- **TASK DESCRIPTION**
Could you please retype all of the data below exactly?

- **Stored records**
——————

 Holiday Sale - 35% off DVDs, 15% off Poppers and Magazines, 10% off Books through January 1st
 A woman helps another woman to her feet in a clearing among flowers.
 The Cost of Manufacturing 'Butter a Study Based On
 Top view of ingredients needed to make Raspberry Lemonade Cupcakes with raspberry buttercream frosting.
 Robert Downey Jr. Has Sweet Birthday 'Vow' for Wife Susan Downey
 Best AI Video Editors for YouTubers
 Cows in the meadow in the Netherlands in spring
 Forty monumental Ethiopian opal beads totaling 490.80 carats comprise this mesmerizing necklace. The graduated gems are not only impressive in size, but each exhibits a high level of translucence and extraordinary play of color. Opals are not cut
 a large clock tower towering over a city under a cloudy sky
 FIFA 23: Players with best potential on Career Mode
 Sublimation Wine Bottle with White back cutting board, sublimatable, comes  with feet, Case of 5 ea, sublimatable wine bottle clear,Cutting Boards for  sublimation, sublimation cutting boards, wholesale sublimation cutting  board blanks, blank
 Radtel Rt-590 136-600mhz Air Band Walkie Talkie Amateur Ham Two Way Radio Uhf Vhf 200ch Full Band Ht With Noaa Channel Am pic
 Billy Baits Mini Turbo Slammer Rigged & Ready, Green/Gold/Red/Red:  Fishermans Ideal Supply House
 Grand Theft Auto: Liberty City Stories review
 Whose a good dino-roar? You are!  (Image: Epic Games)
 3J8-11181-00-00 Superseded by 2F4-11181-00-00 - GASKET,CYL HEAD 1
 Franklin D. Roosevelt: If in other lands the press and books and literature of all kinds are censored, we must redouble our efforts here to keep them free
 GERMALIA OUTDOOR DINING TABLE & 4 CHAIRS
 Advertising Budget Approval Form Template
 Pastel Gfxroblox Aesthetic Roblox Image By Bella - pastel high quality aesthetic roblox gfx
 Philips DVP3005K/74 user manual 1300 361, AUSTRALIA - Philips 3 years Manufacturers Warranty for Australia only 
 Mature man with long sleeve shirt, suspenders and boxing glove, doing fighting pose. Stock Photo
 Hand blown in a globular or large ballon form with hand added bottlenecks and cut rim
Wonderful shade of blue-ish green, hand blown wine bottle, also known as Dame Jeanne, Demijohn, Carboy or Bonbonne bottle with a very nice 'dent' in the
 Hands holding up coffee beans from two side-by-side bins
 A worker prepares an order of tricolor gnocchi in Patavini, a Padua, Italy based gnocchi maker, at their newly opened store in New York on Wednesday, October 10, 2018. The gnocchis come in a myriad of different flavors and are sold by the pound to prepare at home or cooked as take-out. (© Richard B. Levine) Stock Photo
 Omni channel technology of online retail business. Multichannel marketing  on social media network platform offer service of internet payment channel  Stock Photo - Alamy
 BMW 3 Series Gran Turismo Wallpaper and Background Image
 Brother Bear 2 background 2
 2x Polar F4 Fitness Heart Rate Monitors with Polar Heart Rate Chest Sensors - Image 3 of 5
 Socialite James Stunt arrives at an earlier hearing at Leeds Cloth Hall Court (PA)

——————

- **SOLUTION TO THIS PROBLEM**
 Holiday Sale - 35% off DVDs, 15% off Poppers and Magazines, 10% off Books through January 1st
 A woman helps another woman to her feet in a clearing among flowers.
 The Cost of Manufacturing 'Butter a Study Based On
 Top view of ingredients needed to make Raspberry Lemonade Cupcakes with raspberry buttercream frosting.
 Robert Downey Jr. Has Sweet Birthday 'Vow' for Wife Susan Downey
 Best AI Video Editors for YouTubers
 Cows in the meadow in the Netherlands in spring
 Forty monumental Ethiopian opal beads totaling 490.80 carats comprise this mesmerizing necklace. The graduated gems are not only impressive in size, but each exhibits a high level of translucence and extraordinary play of color. Opals are not cut
 a large clock tower towering over a city under a cloudy sky
 FIFA 23: Players with best potential on Career Mode
 Sublimation Wine Bottle with White back cutting board, sublimatable, comes  with feet, Case of 5 ea, sublimatable wine bottle clear,Cutting Boards for  sublimation, sublimation cutting boards, wholesale sublimation cutting  board blanks, blank
 Radtel Rt-590 136-600mhz Air Band Walkie Talkie Amateur Ham Two Way Radio Uhf Vhf 200ch Full Band Ht With Noaa Channel Am pic
 Billy Baits Mini Turbo Slammer Rigged & Ready, Green/Gold/Red/Red:  Fishermans Ideal Supply House
 Grand Theft Auto: Liberty City Stories review
 Whose a good dino-roar? You are!  (Image: Epic Games)
 3J8-11181-00-00 Superseded by 2F4-11181-00-00 - GASKET,CYL HEAD 1
 Franklin D. Roosevelt: If in other lands the press and books and literature of all kinds are censored, we must redouble our efforts here to keep them free
 GERMALIA OUTDOOR DINING TABLE & 4 CHAIRS
 Advertising Budget Approval Form Template
 Pastel Gfxroblox Aesthetic Roblox Image By Bella - pastel high quality aesthetic roblox gfx
 Philips DVP3005K/74 user manual 1300 361, AUSTRALIA - Philips 3 years Manufacturers Warranty for Australia only 
 Mature man with long sleeve shirt, suspenders and boxing glove, doing fighting pose. Stock Photo
 Hand blown in a globular or large ballon form with hand added bottlenecks and cut rim
Wonderful shade of blue-ish green, hand blown wine bottle, also known as Dame Jeanne, Demijohn, Carboy or Bonbonne bottle with a very nice 'dent' in the
 Hands holding up coffee beans from two side-by-side bins
 A worker prepares an order of tricolor gnocchi in Patavini, a Padua, Italy based gnocchi maker, at their newly opened store in New York on Wednesday, October 10, 2018. The gnocchis come in a myriad of different flavors and are sold by the pound to prepare at home or cooked as take-out. (© Richard B. Levine) Stock Photo
 Omni channel technology of online retail business. Multichannel marketing  on social media network platform offer service of internet payment channel  Stock Photo - Alamy
 BMW 3 Series Gran Turismo Wallpaper and Background Image
 Brother Bear 2 background 2
 2x Polar F4 Fitness Heart Rate Monitors with Polar Heart Rate Chest Sensors - Image 3 of 5
 Socialite James Stunt arrives at an earlier hearing at Leeds Cloth Hall Court (PA)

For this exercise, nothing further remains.